Please use this identifier to cite or link to this item: https://sphere.acg.edu/jspui/handle/123456789/2388
Title: The return of the chatbots: Conversing about time with Aristotle
Authors: Tsimpouki, Paraskevi
Keywords: Dialog systems
Commercial chatbots
Chatbots' limitations
Natural Language Processing (NLP)
Temporal Expression Recognition (TER)
Issue Date: 2018
Abstract: This Master's Thesis examines the multidisciplinary field of dialog systems in the context of the recent reappearance of chatbots, their exponential proliferation and massive adaptation by third-party companies inside the current digital ecosystem. Following a timeline from the conceptualization of the Turing Test in 1950 and leading up to the establishment of the Alexa Prize in 2016 and on, the thesis explores the current trends in the rapidly developing chatbots ecosystem. A classification of dialog systems based on their main features is presented, along with an introduction to their basic components and processing models.

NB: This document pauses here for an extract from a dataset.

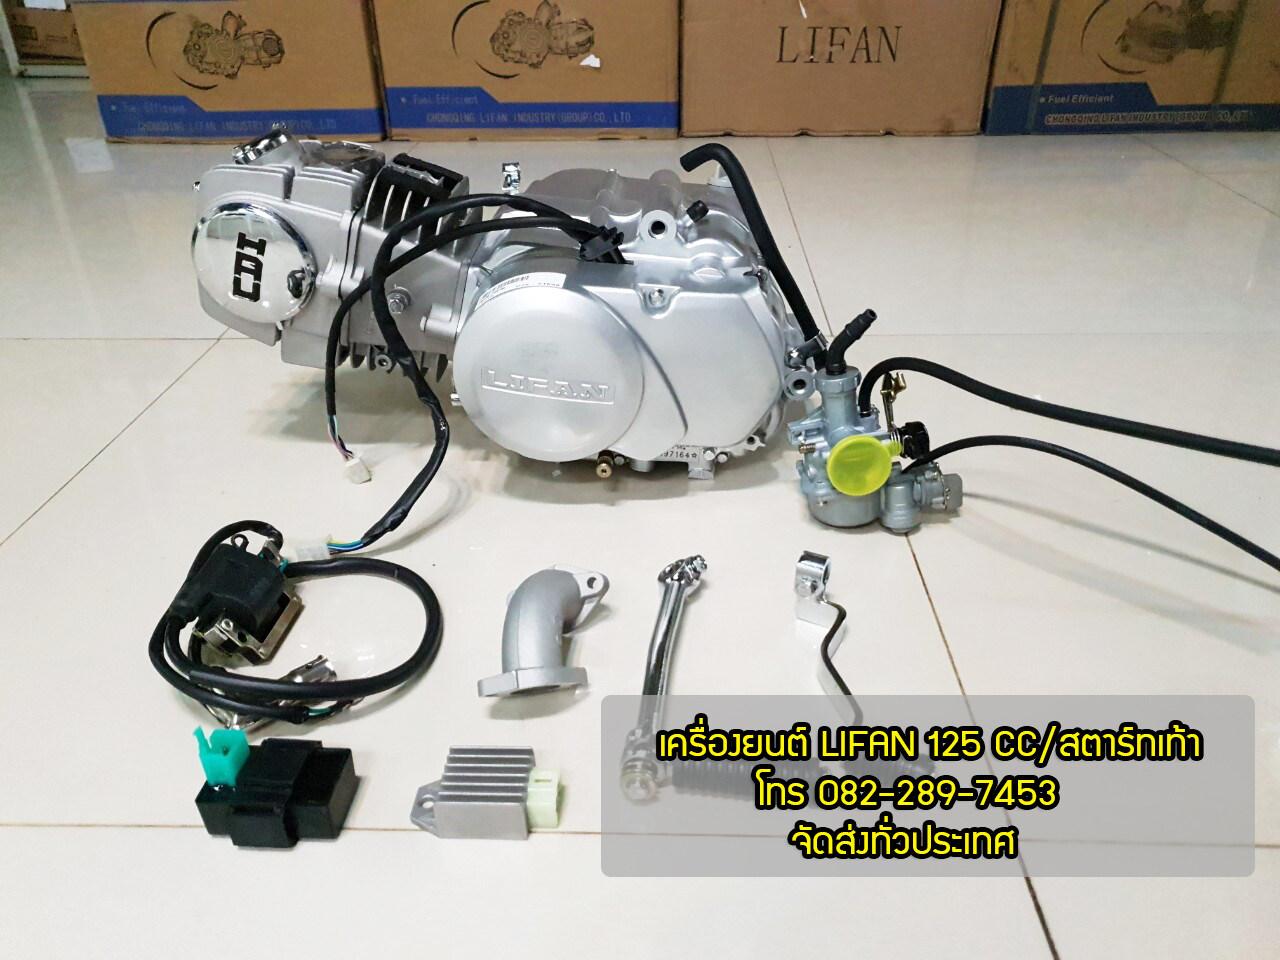 เครืองยนต์LIFAN125cc สตาร์ทเท้า ไม่มีครัชมือ ใช้งานง่าย ใส่รถได้หลายรุ่น ถูกกฏหมาย มีอะไหล่ จัดส่งเร็วทั่วไทย

The thesis addresses a core research question in the field, which is related to the current limitations of commercial chatbots and the challenges they face in processing verbal interaction and responding appropriately. To this end, it employs Aristotle, a commercial, business-analytics chatbot developed by the Silicon Valley based start-up, Bouquet.ai. This is a real case-study, through which hands-on testing of the natural language understanding capabilities of a commercial chatbot was undertaken. The initial phase of the testing pointed -among others- to the need for deeper exploration of Temporal Expression Recognition (TER) by the chatbot; this is a well-known sub-task in Natural Language Processing (NLP), which is not only challenging at a research level in the NLP field, but also highly important for a chatbot in the Business Analytics domain where time information is critical. The extensive testing comprised the creation and processing of a thorough set of potential user utterances involving highly diverse temporal expressions, as documented in the Linguistics and Computational Linguistics literature. The findings indicate that Aristotle is capable of recognizing simple, as well as more complex temporal expressions in user utterances and returning the appropriate answer. However, the variety of temporal expressions that can be handled can be greatly extended, providing for more natural and effective verbal interaction with the user. The thesis includes concrete suggestions on extending the current back-end system of Aristotle for achieving wide-coverage of time-references in verbal interaction with its users. These suggestions have been formulated in the template structure used by Bouquet.ai, for immediate integration in the chatbot and A/B testing.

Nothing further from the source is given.